From the line with "Sticker Party Animal" to the line with "File: The California", retype each line exactly as it stands in the records below, but skip the pictures.

_DATA TO USE_

:::

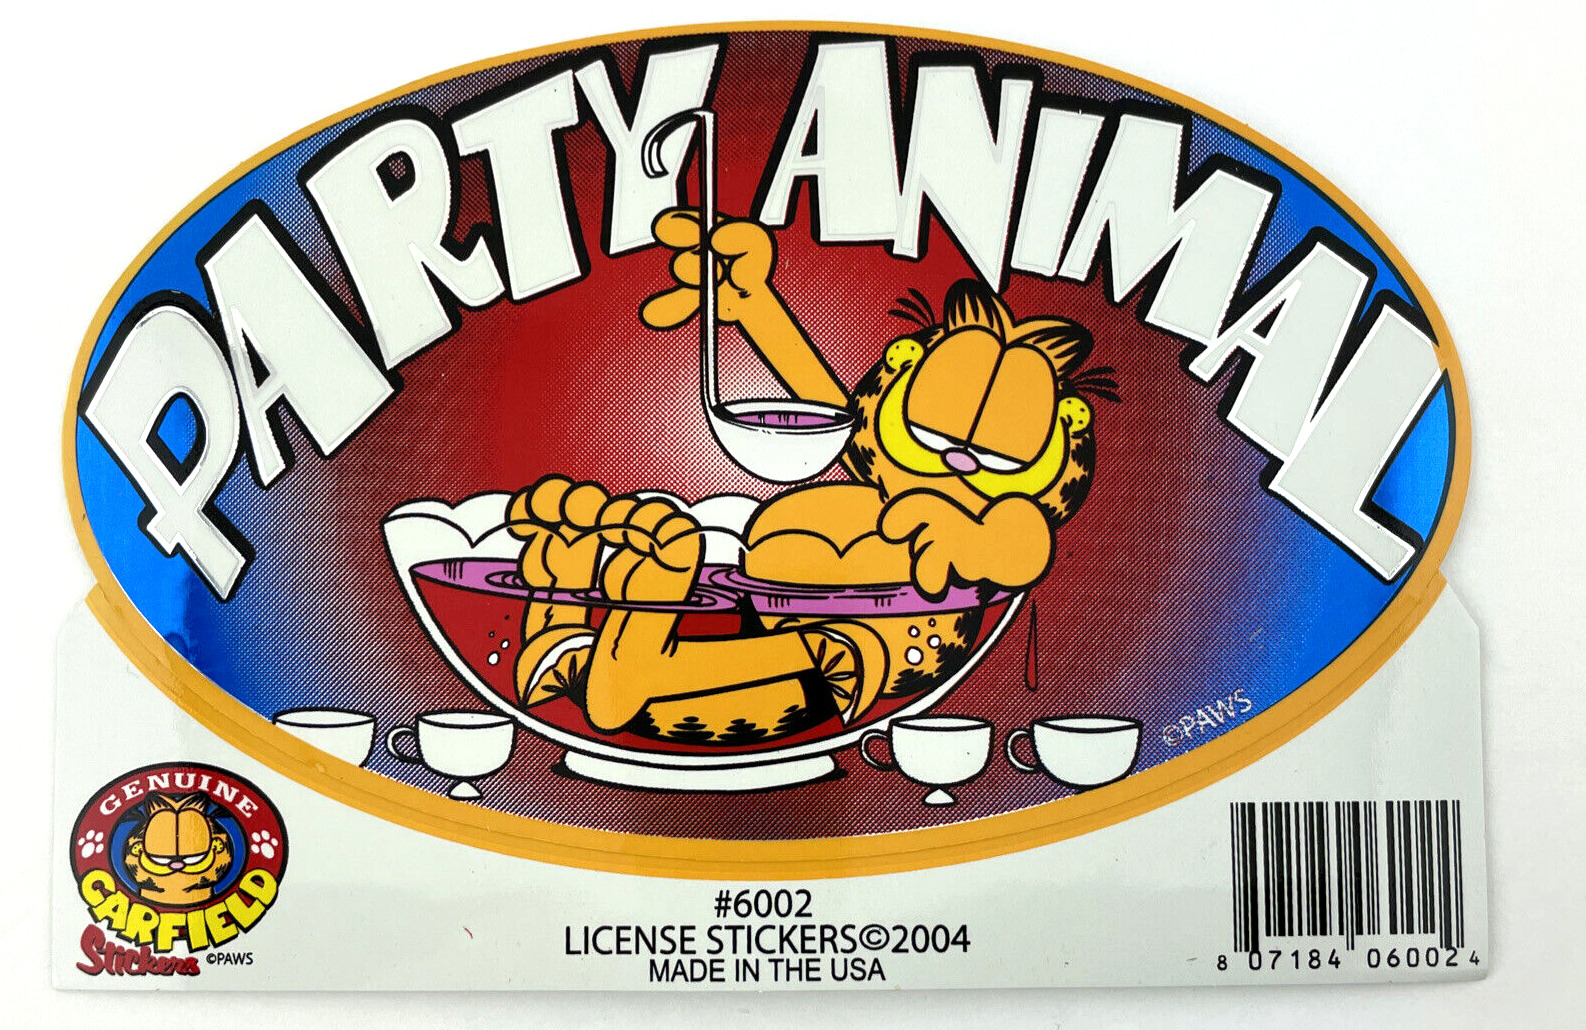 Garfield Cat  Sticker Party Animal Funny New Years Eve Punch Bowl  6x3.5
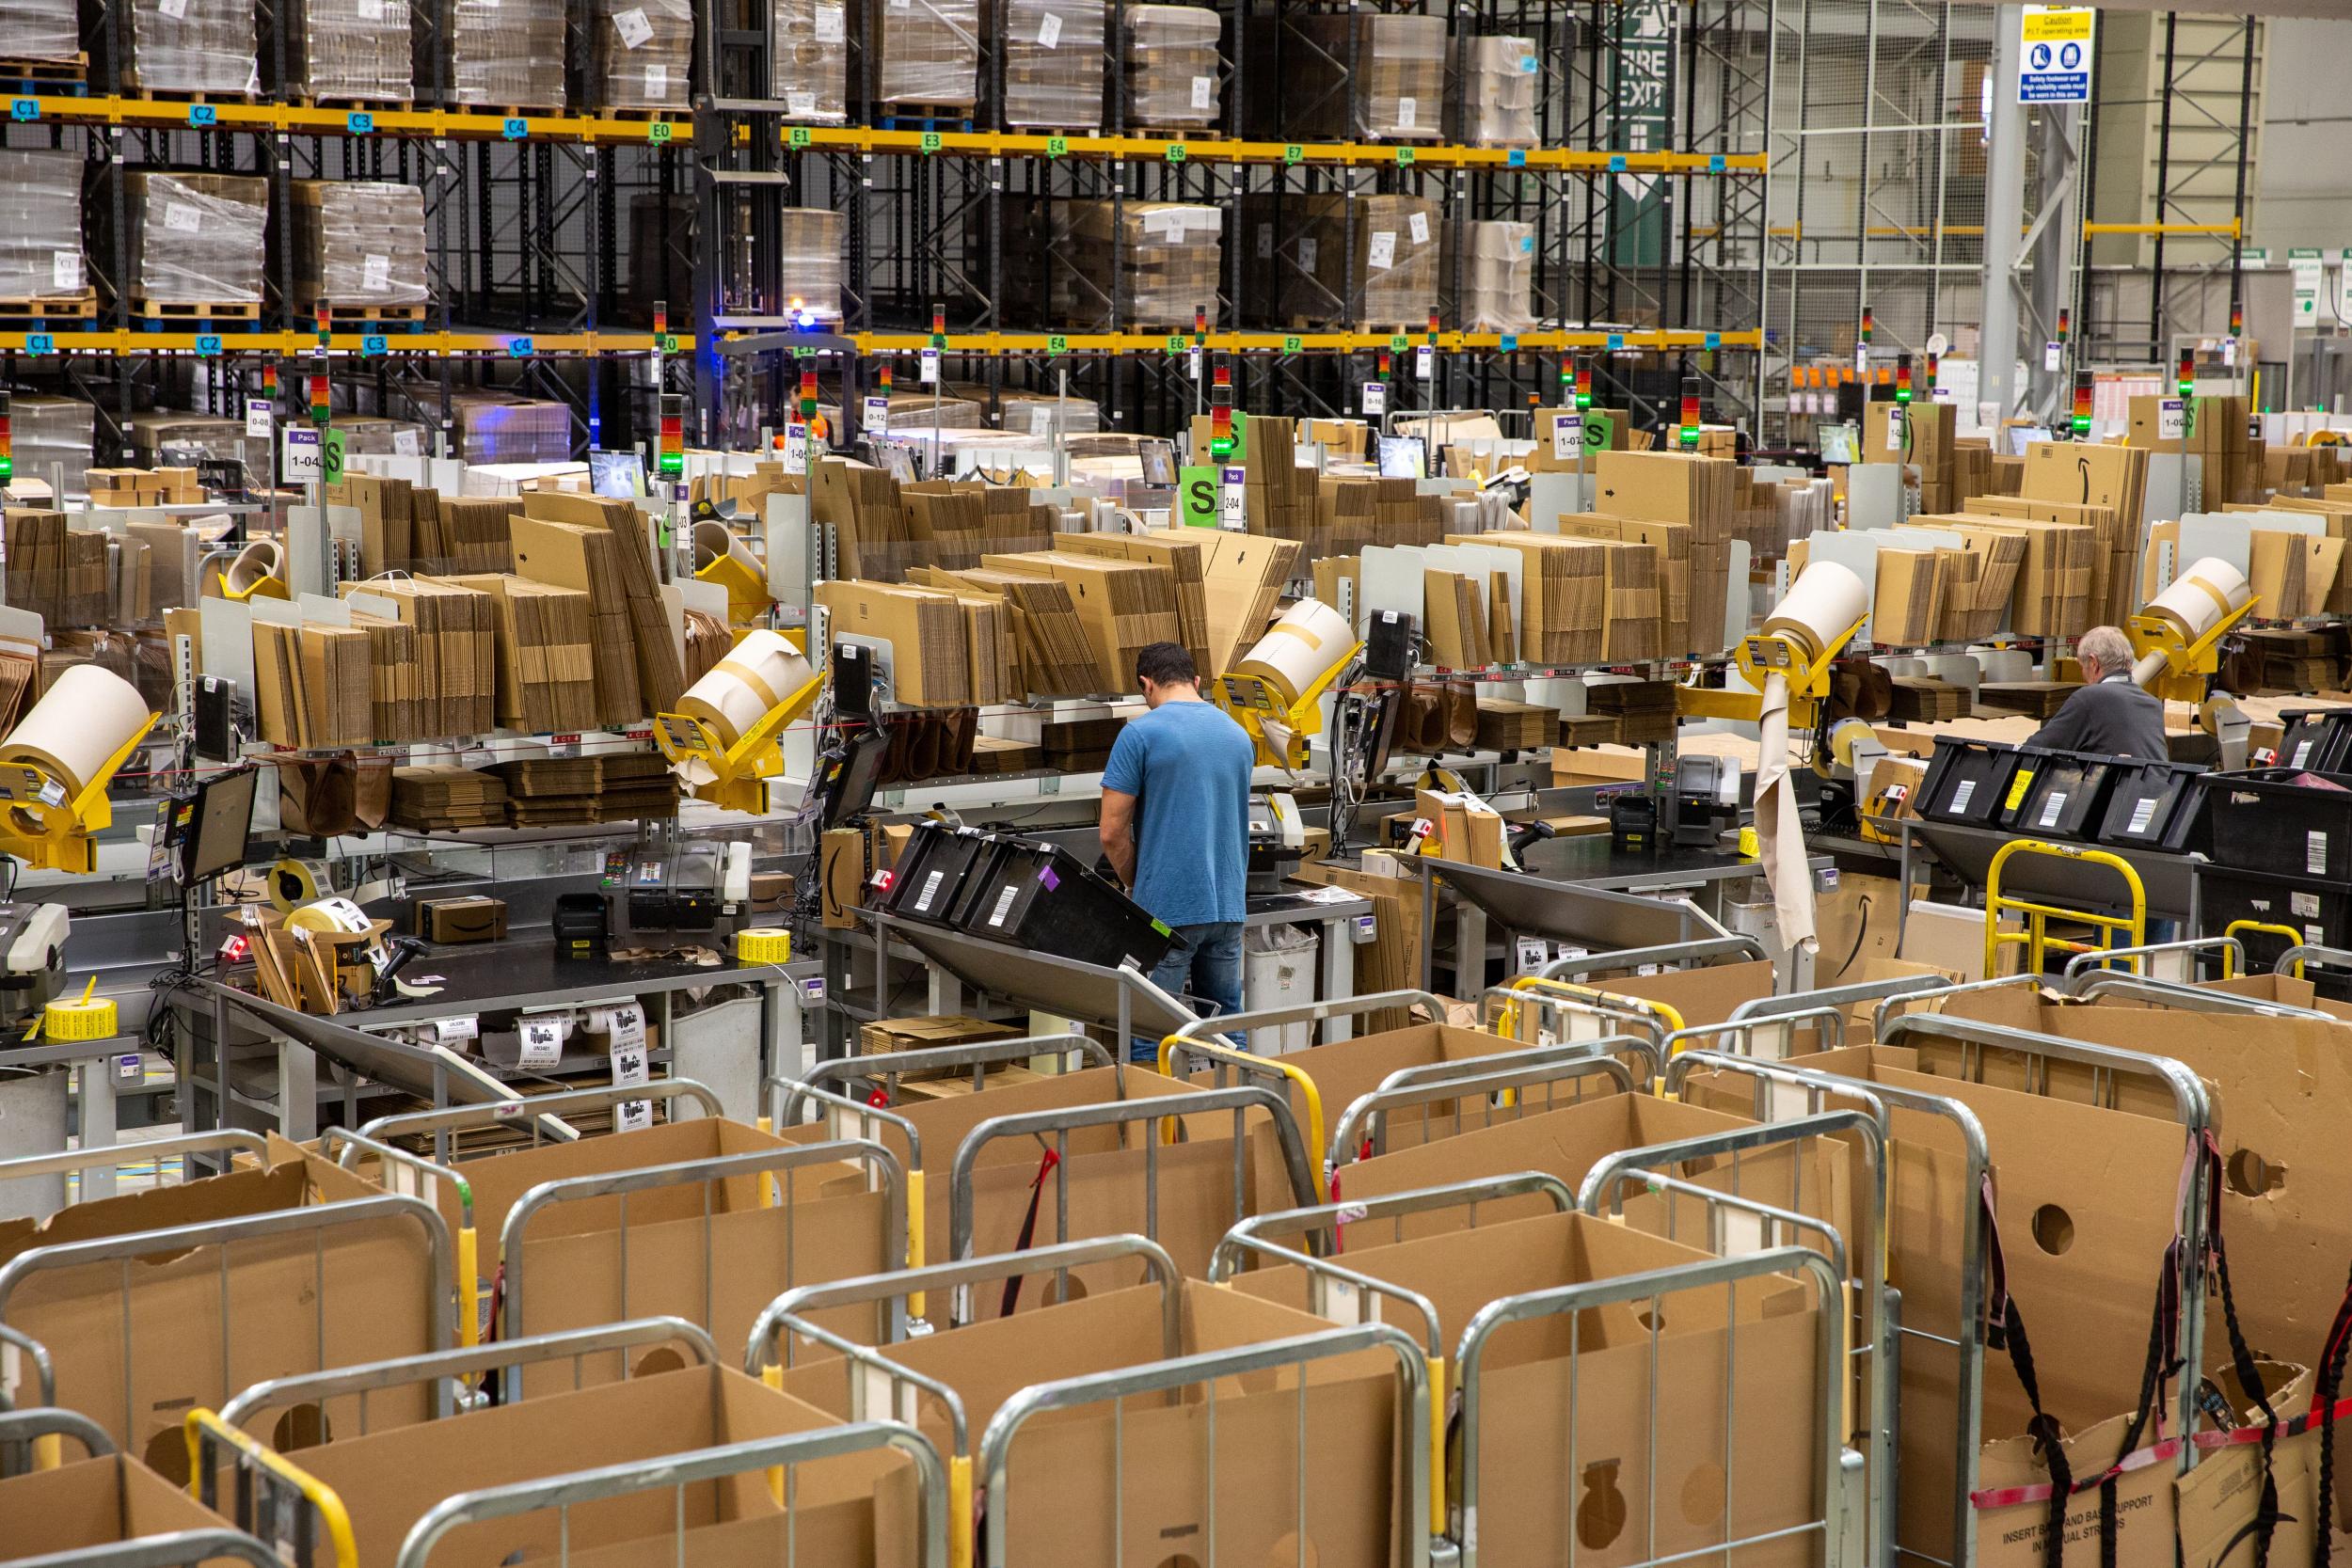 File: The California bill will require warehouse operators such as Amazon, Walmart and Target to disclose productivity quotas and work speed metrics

:::

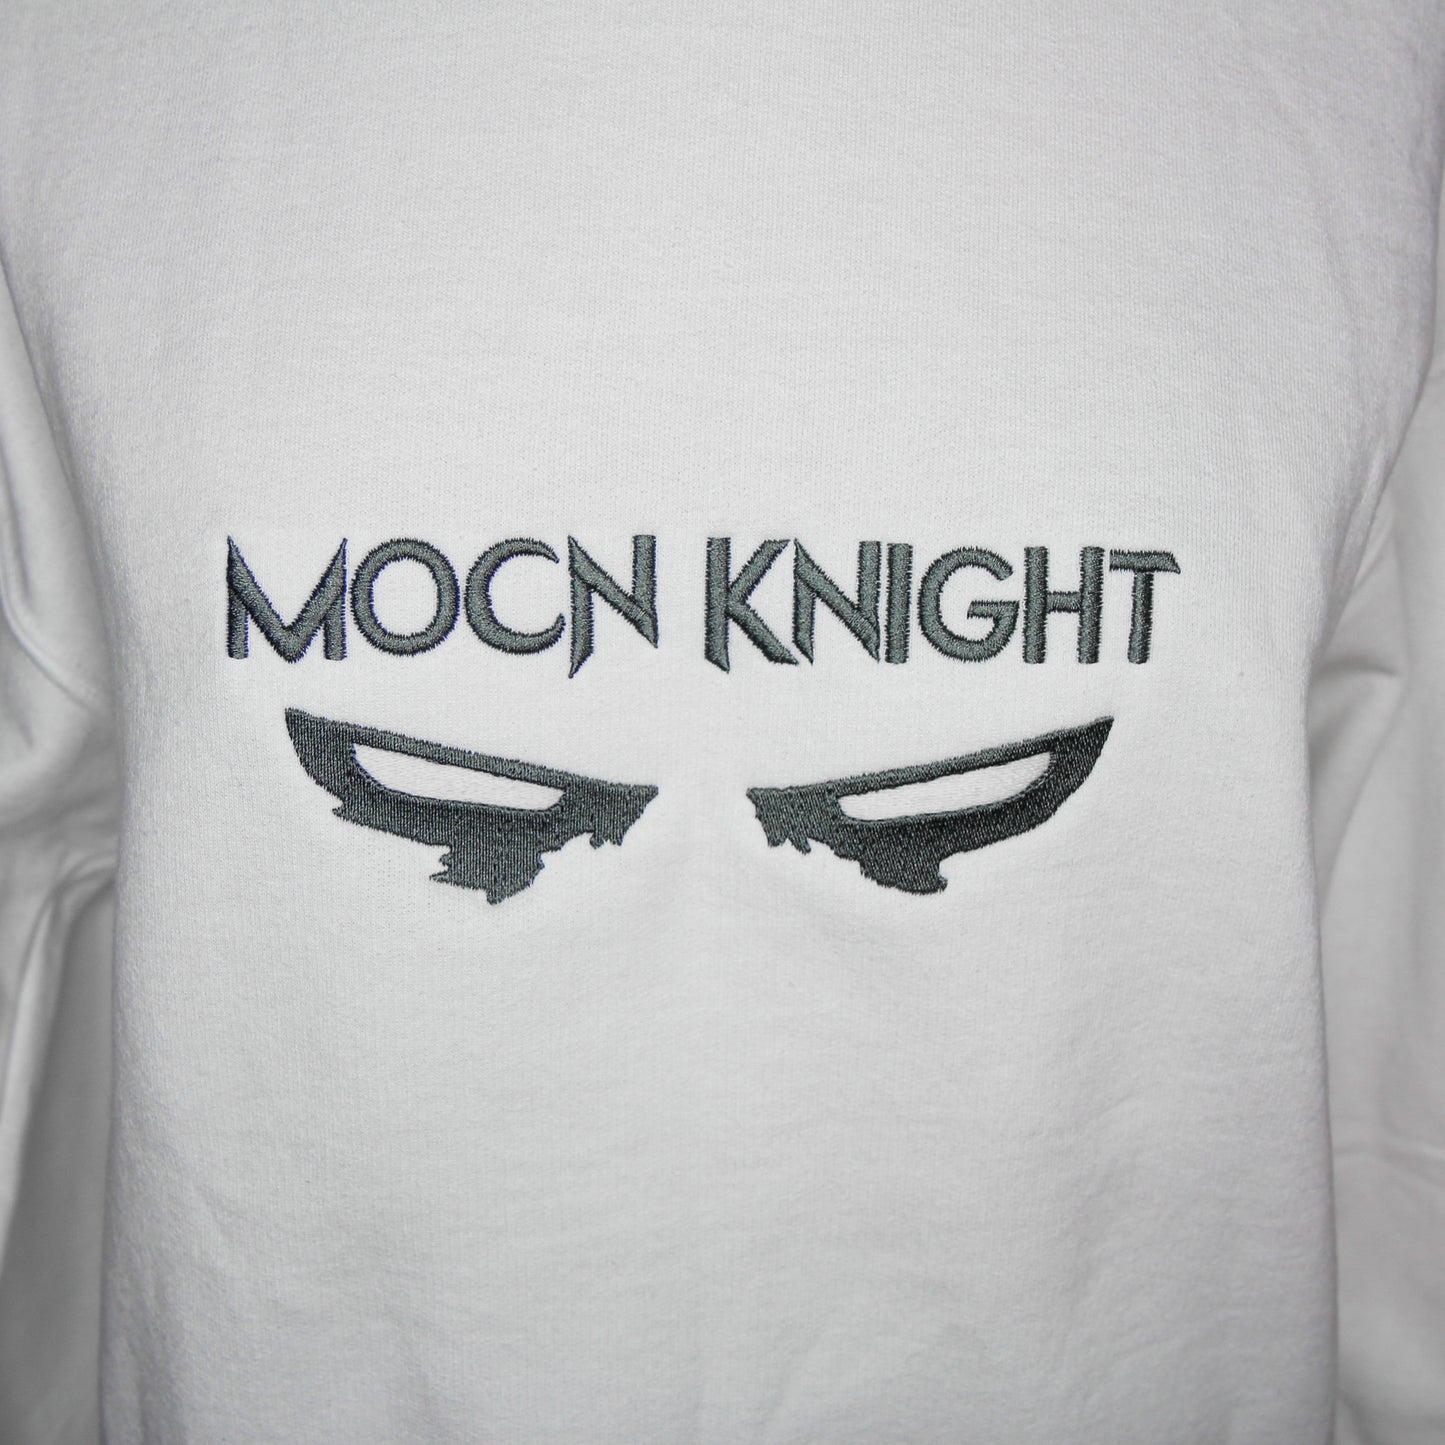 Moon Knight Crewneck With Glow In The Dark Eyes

:::

_THE COMPLETED TASK_
 Garfield Cat  Sticker Party Animal Funny New Years Eve Punch Bowl  6x3.5
 File: The California bill will require warehouse operators such as Amazon, Walmart and Target to disclose productivity quotas and work speed metrics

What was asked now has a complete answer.